If this doesn’t work you could try to upsample your signal from 8000 to 16000:

sig8 = torch.rand(1,8000)
sig16 = torch.nn.Upsample(scale_factor=2)(sig8[None,])
1 Like

Nice work!
I have been working on this dataset some time ago. The preprocessing of the data consumed most of the time spend. Also used the “kahst method” to extract spectrograms. I used hop-length and n_fft size to create more or less square spectrograms. I deleted the lower frequences to create square (256*256) spectrograms. These can be easily processed in “resnet-models”.
Most problematic (and still deserves more time) is the fact that from each sound file lots of spectrograms are created. When splitting the data in a trainingset and testset you have be aware not to use different parts of the same soundfile for training and testing or else you get really low error rates because training and test images are very similar. (I didn find an easy solution yet).

I wondered why you chose to use 1 second fragment to make make your specrograms. Most birdsongs are longer than 1 second so you might throw away valuable information.

Looking forward to see more of your work with this datafile.

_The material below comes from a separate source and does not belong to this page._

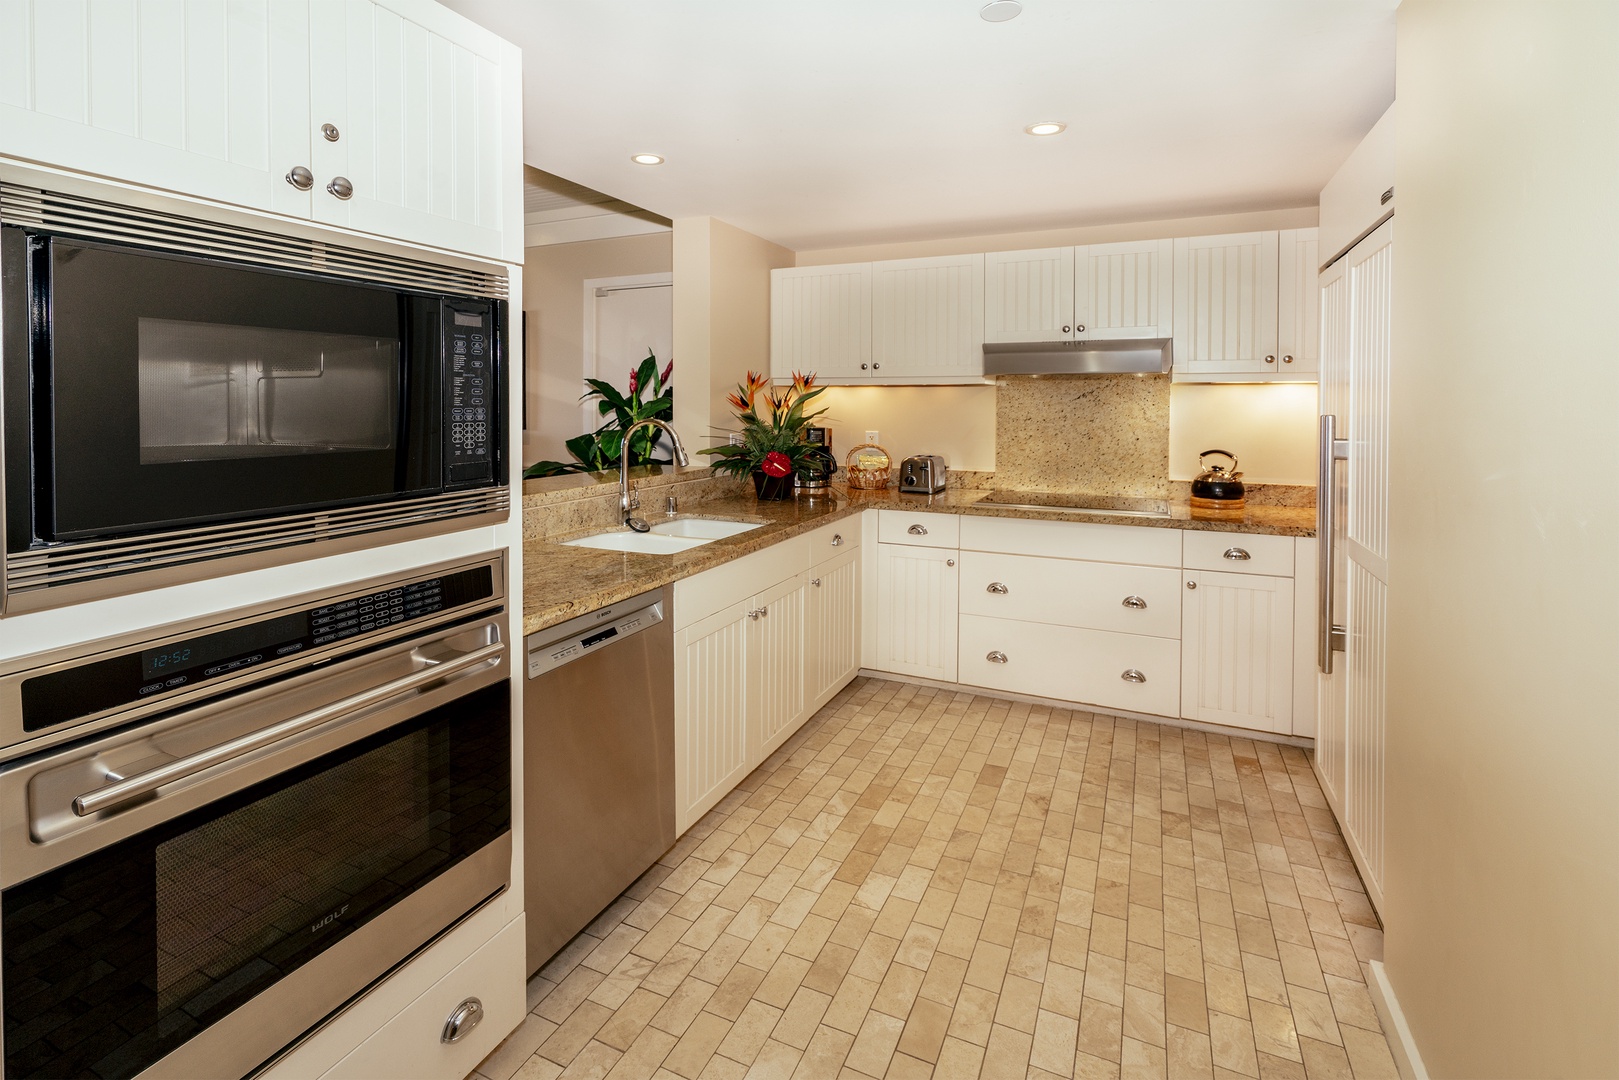 Kahuku Vacation Rentals, OFB Turtle Bay Villas 216 - Fully-stocked kitchen with high-end Sub-zero and Wolf appliances.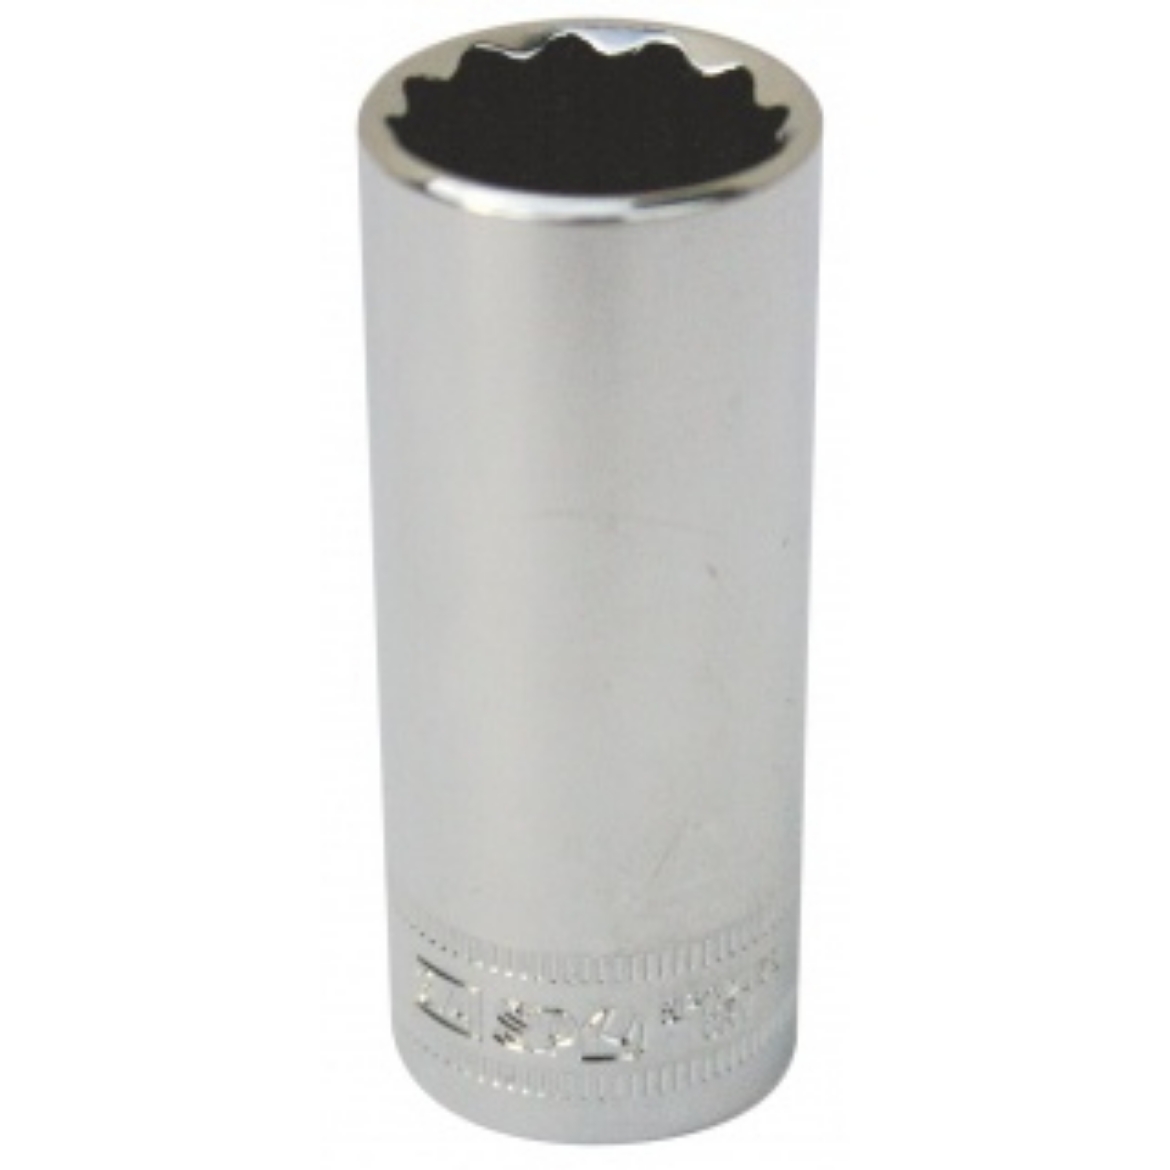 Picture of SOCKET DEEP 3/8"DR 12PT METRIC 14MM SP TOOLS

Great work with fastai audio guys :slight_smile: I’m currently going through 02_tutorial at the moment. A few notes:

Currently trying to build will fail as the highest requirement is python 3.6.9. However after manually importing, everything works fine in Python 3.7 :slight_smile:

Also, on the 250 speakers you don’t need the freeze/unfreeze section as we never split and freeze our model. It doesn’t affect anything but it can be a bit misleading. (Also since we have only one layer group you don’t need slice in the learning rates). Great job again!!! :smiley:


Hi all, I just wanted to ask, is anyone here trying out the DeepFake competition on Kaggle? It covers both audio and visual modifications (per description) but most kernels focus on the visuals (as they’re far more obvious).

1 Like

Just starting on it, thinking about using the audio lib too :slight_smile: